DAY, n. A period of twenty-four hours, mostly misspent. This period is divided into two parts, the day proper and the night, or day improper - the former devoted to sins of business, the latter consecrated to the other sort. These two kinds of social activity overlap.

DEAD, adj.

Done with the work of breathing; done
With all the world; the mad race run
Though to the end; the golden goal
Attained and found to be a hole!
~Squatol Johnes


DEBAUCHEE, n. One who has so earnestly pursued pleasure that he has had the misfortune to overtake it.

DEBT, n. An ingenious substitute for the chain and whip of the slave- driver.

As, pent in an aquarium, the troutlet
Swims round and round his tank to find an outlet,
Pressing his nose against the glass that holds him,
Nor ever sees the prison that enfolds him;
So the poor debtor, seeing naught around him,
Yet feels the narrow limits that impound him,
Grieves at his debt and studies to evade it,
And finds at last he might as well have paid it.
~Barlow S. Vode


DECALOGUE, n. A series of commandments, ten in number - just enough to permit an intelligent selection for observance, but not enough to embarrass the choice. Following is the revised edition of the Decalogue, calculated for this meridian.

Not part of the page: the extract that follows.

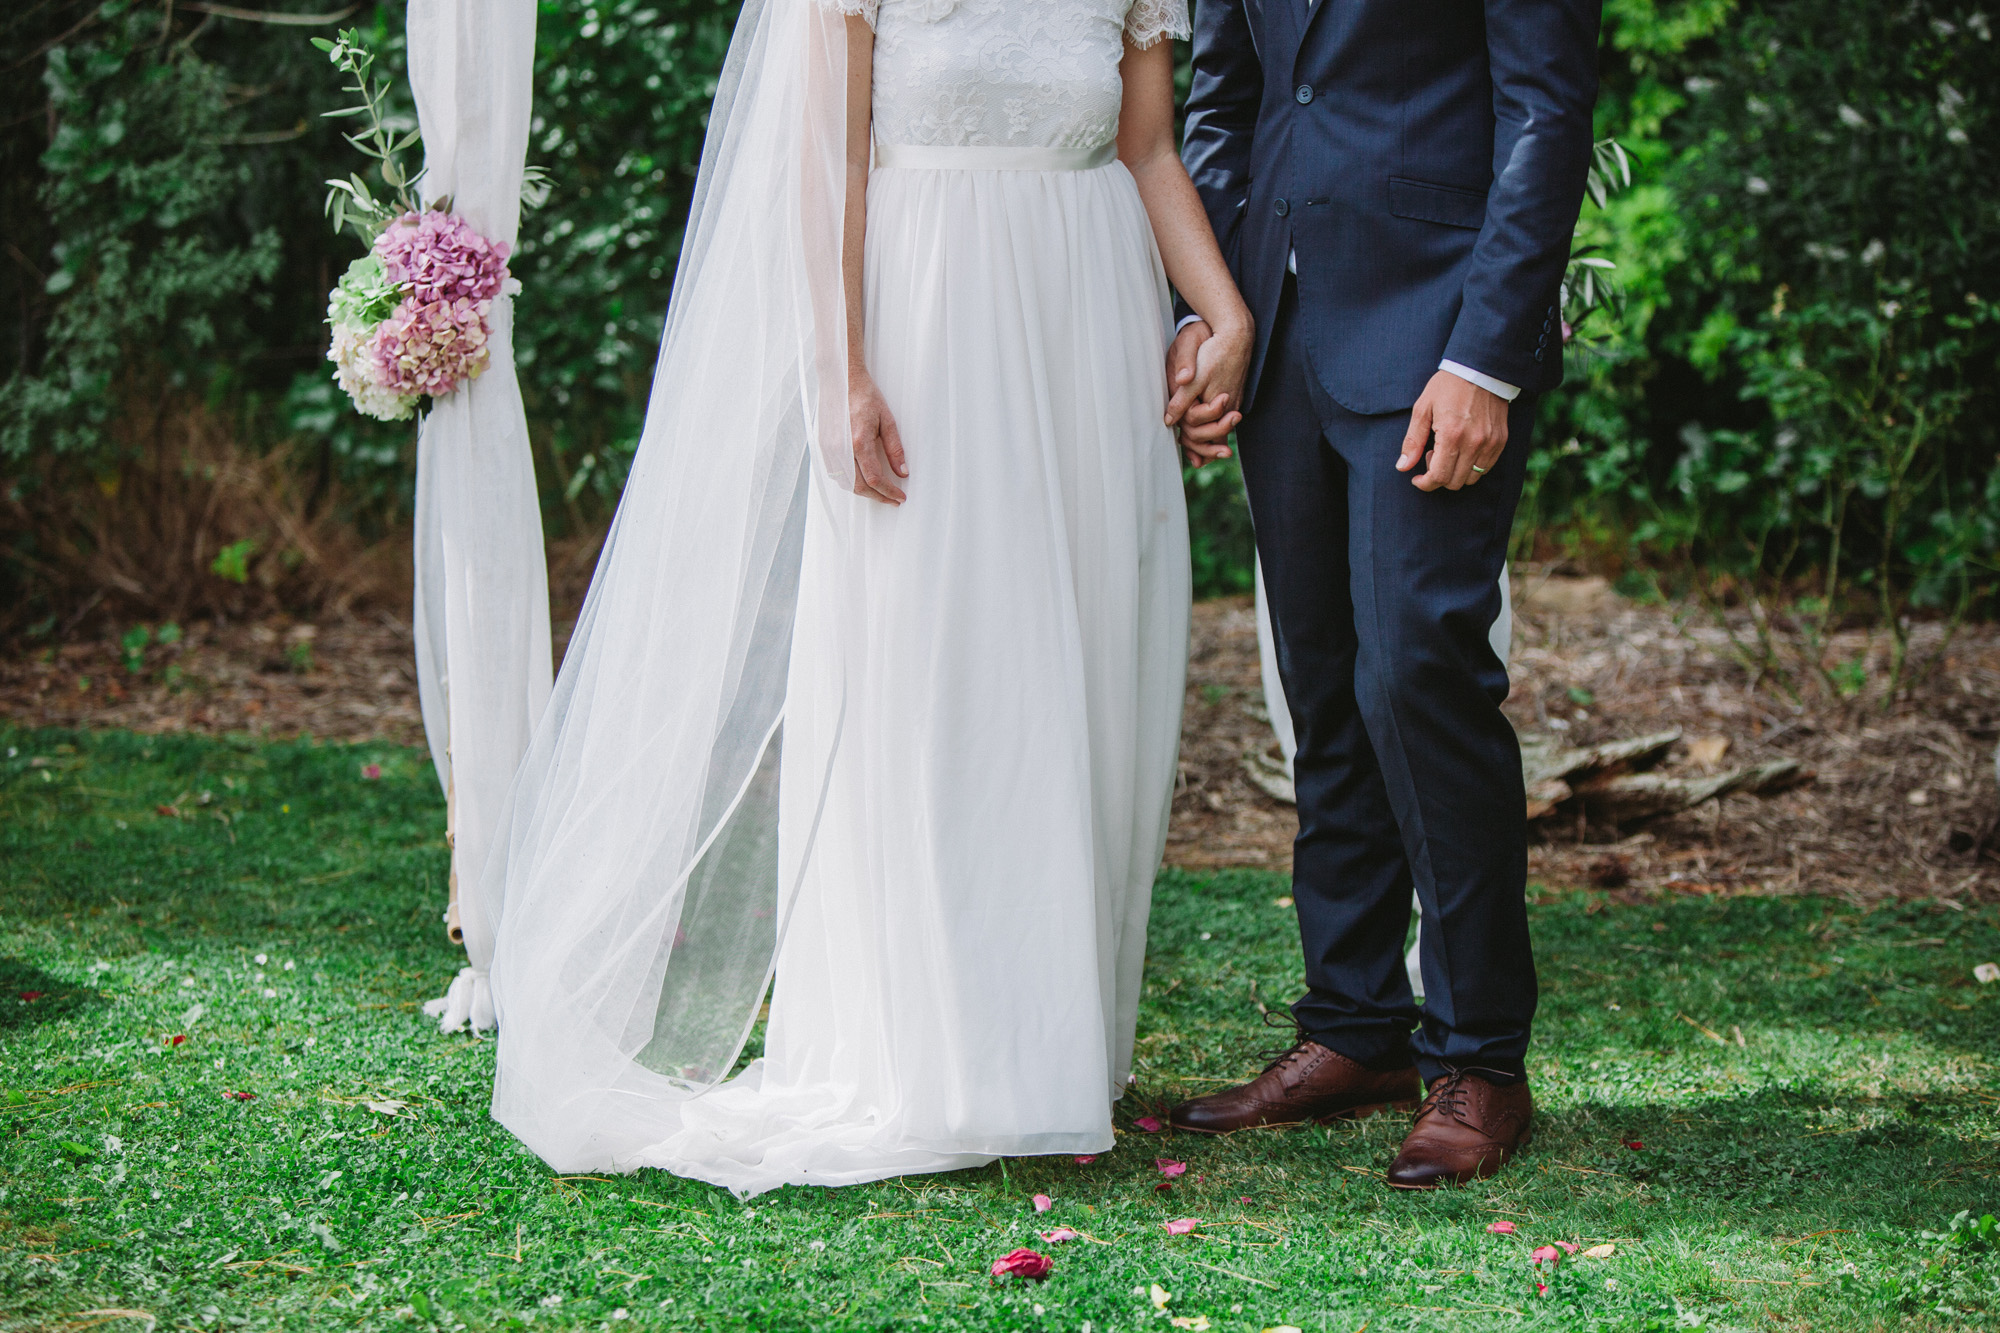 SMP_tarureka_wedding_030.jpg

Thou shalt no God but me adore:
'Twere too expensive to have more.
No images nor idols make
For Robert Ingersoll to break.
Take not God's name in vain; select
A time when it will have effect.
Work not on Sabbath days at all,
But go to see the teams play ball.
Honor thy parents. That creates
For life insurance lower rates.
Kill not, abet not those who kill;
Thou shalt not pay thy butcher's bill.
Kiss not thy neighbor's wife, unless
Thine own thy neighbor doth caress
Don't steal; thou'lt never thus compete
Successfully in business. Cheat.
Bear not false witness - that is low -
But "hear 'tis rumored so and so."
Cover thou naught that thou hast not
By hook or crook, or somehow, got.
~G.J.

DECIDE, v.i. To succumb to the preponderance of one set of influences over another set.

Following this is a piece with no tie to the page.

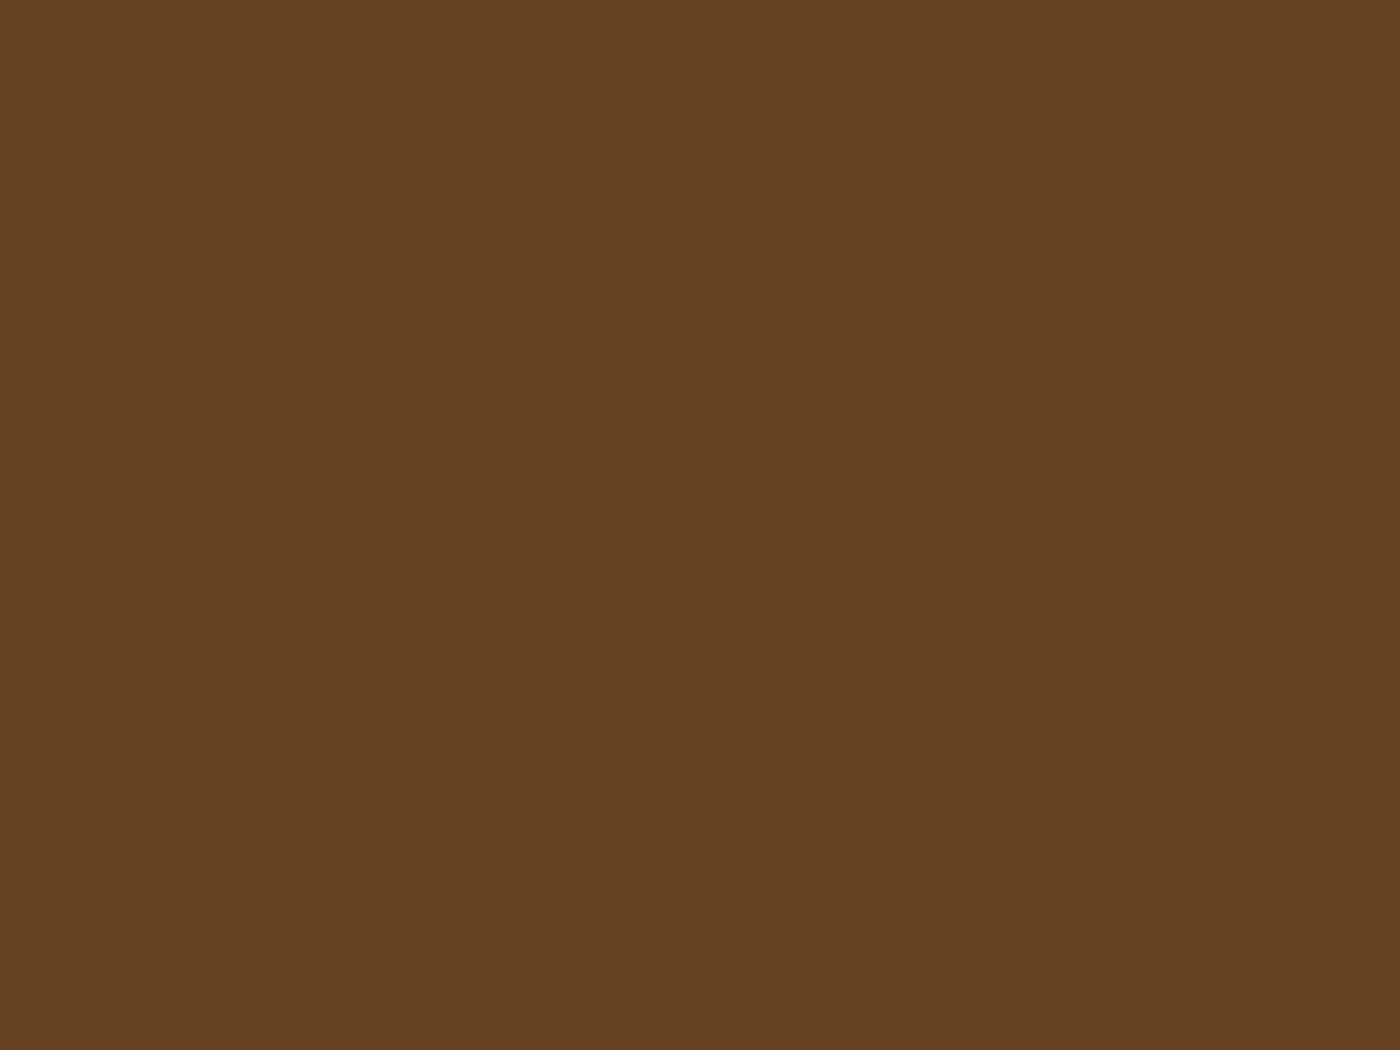 1400x1050 Dark Brown Solid Color Background

A leaf was riven from a tree,
"I mean to fall to earth," said he.
The west wind, rising, made him veer.
"Eastward," said he, "I now shall steer."
The east wind rose with greater force.
Said he: "'Twere wise to change my course."
With equal power they contend.
He said: "My judgment I suspend."
Down died the winds; the leaf, elate,
Cried: "I've decided to fall straight."
"First thoughts are best?" That's not the moral;
Just choose your own and we'll not quarrel.
Howe'er your choice may chance to fall,
You'll have no hand in it at all.
~G.J.

DEFAME, v.t. To lie about another. To tell the truth about another.

DEFENCELESS, adj. Unable to attack.

DEGENERATE, adj. Less conspicuously admirable than one's ancestors. The contemporaries of Homer were striking examples of degeneracy; it required ten of them to raise a rock or a riot that one of the heroes of the Trojan war could have raised with ease. Homer never tires of sneering at "men who live in these degenerate days," which is perhaps why they suffered him to beg his bread - a marked instance of returning good for evil, by the way, for if they had forbidden him he would certainly have starved.

DEGRADATION, n. One of the stages of moral and social progress from private station to political preferment.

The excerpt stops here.